As displayed in [Fig. 2] it is now known that
hypertrophy occurs along a wide spectrum of intensities (30–90% of
1-RM) and corresponding rep-ranges (3–35 reps per set) [3]
[14]
[15]
[78]
[79]. Assuming a traditional 2:1 second
repetition tempo, this effective repetition range corresponds with
9–105 seconds of TUT per set. Because the effective range of TUT for
hypertrophy is wide, it behooves us to explore unique adaptations that occur at
extreme ends of the spectrum. For example, it is generally accepted that RT with
low-TUT (i.e., 80–95% of 1-RM) is superior for increasing maximal
strength [80]
[81] while
RT with high-TUT (i.e., 30–50% of 1-RM) is superior for muscular
endurance [3]
[78]. The
latter is the focus of the current review, and the following section will summarize
research on acute and chronic RT for three specific techniques that use high-TUT:
Slow-tempo, high-volume low-intensity, and drop-set training.
Fig. 2 A summary of the effective repetition range for hypertrophy
(3–35 reps) that emphasizes potential unique adaptations to
resistance training (RT) with low and high time under tension (TUT).

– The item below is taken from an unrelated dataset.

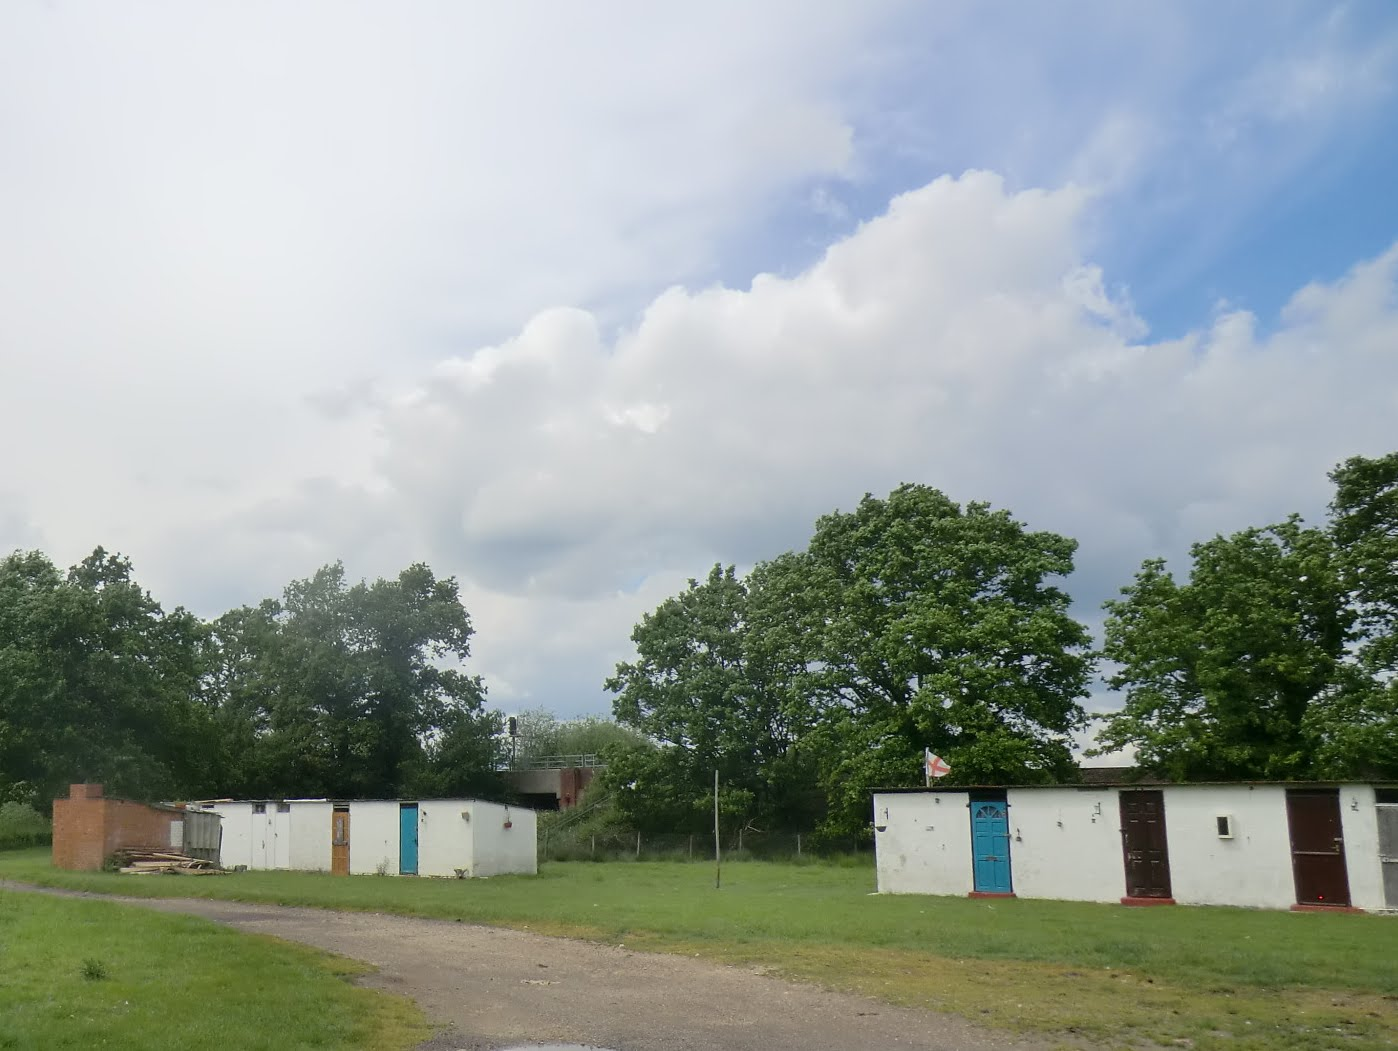 CIMG1643 Hoppers' huts at Finches Farm, Five Oak Green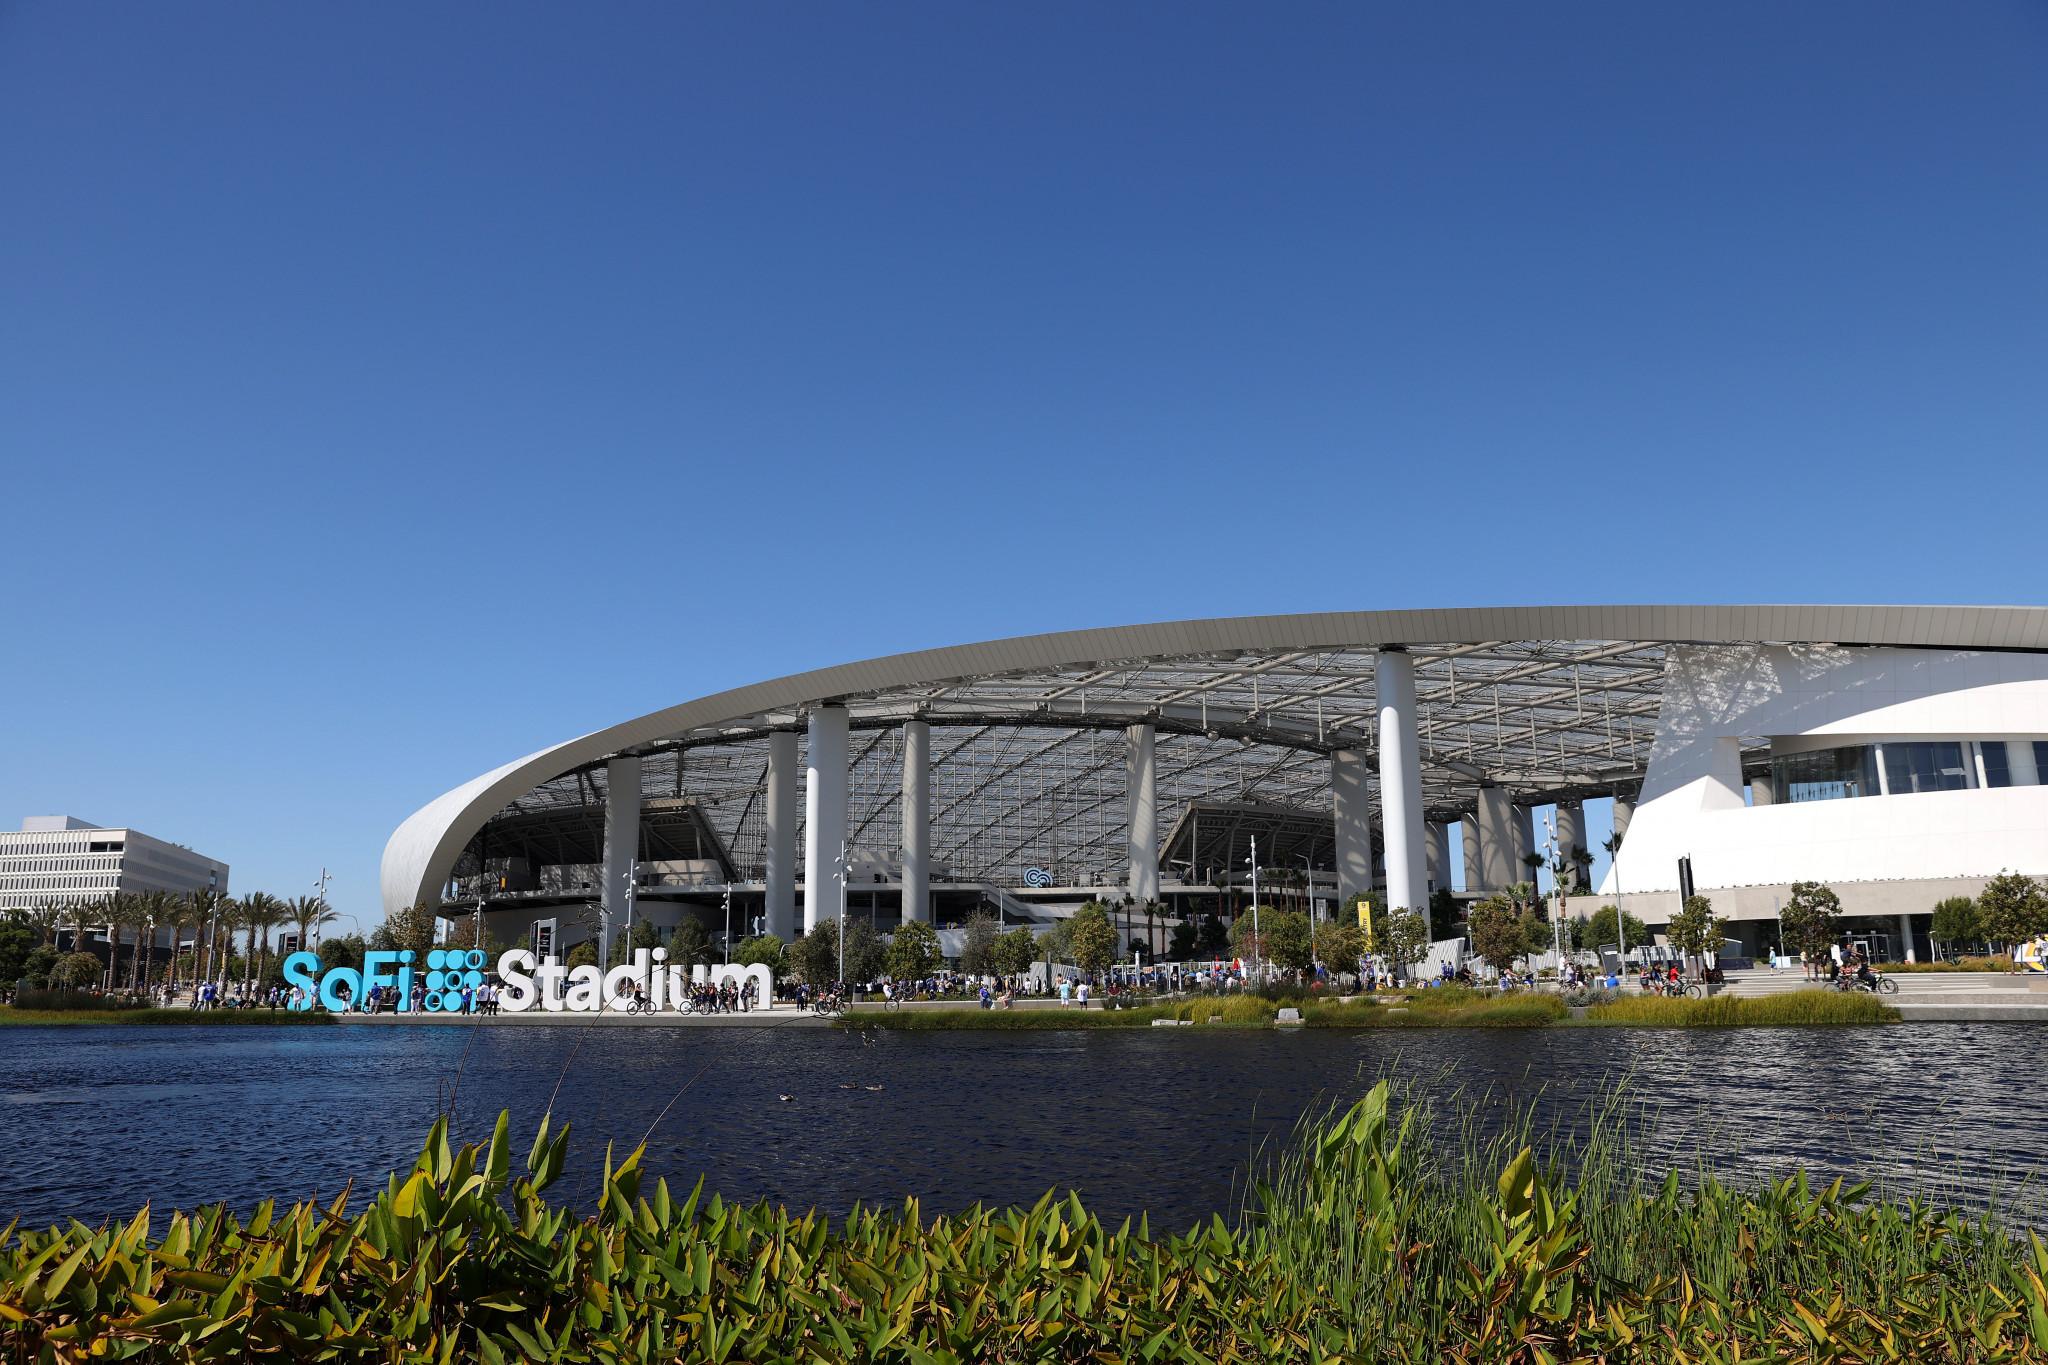 Los Angeles 2028 Ceremonies stadium proposed as World Cup host

Assuming that a traditional repetition tempo is used (e.g.,
2:1 seconds), this repetition range also corresponds with a TUT of
9–105 seconds per set. Here, we submit that high-intensity
RT is associated with greater mechanical tension and increased strength
while low-intensity RT is associated with greater metabolic stress and
aerobic adaptations such as increased capillary density, mitochondrial
volume, and skeletal muscle oxidative capacity.
Applications of RT with High-TUT
Applications of RT with High-TUT
Slow Tempo Resistance Training
Repetition tempo, which is sometimes referred to as repetition duration, equals
the length of time that comprises the eccentric, isometric, and concentric
phases during one repetition of exercise [82]. For
example, a repetition with a three-second concentric phase, one-second isometric
pause, and three-second eccentric phase would be a seven-second tempo and would
be denoted as 3:1:3 sec [66]
[83]. As it pertains to muscular strength, in a
recent meta-analysis of 15 studies, Davies et al. [84] concluded that fast (e.g., eccentric
phase=1–3 seconds; concentric
phase=<1 second) and moderate-slow (e.g., eccentric
phase=1.7–3 seconds; concentric
phase=1.7–3 seconds) repetition tempos significantly
improve muscular strength. When considering skeletal muscle hypertrophy, in
another recent meta-analysis of 8 studies, Schoenfeld et al. [85] concluded that similar muscle growth occurred
along a wide repetition tempo spectrum (0.5–8 seconds) when sets
were performed to momentary muscle failure. Clearly, there is a wide range of
effective repetition tempos.
To the best of our knowledge, not much evidence is available regarding the effect
of repetition duration on muscular endurance and aerobic fitness. However, the
prospect of lengthening repetition duration to stimulate cardiovascular
adaptations is a noteworthy topic, because this will have a direct effect on the
TUT during sets of RT [86]. For example, a set of
12 repetitions with a 12-second duration (6:6 sec) would have a TUT of
144 seconds, while a set of 12 repetitions with a 2-second duration
(1:1 sec) would have a TUT of 24 seconds [73]. Although speculative, it is possible that sets
of RT with slower repetition tempos, and thereby longer TUT, have a positive
effect on peripheral aerobic adaptations because some research suggests that
metabolic stress (e.g., blood lactate) increases linearly with TUT [66]
[67]
[68]
[69]
[70]
[71]. Others have
shown that as TUT increases, muscle oxygenation decreases [66]
[83] while
mitochondrial protein synthesis increases [73].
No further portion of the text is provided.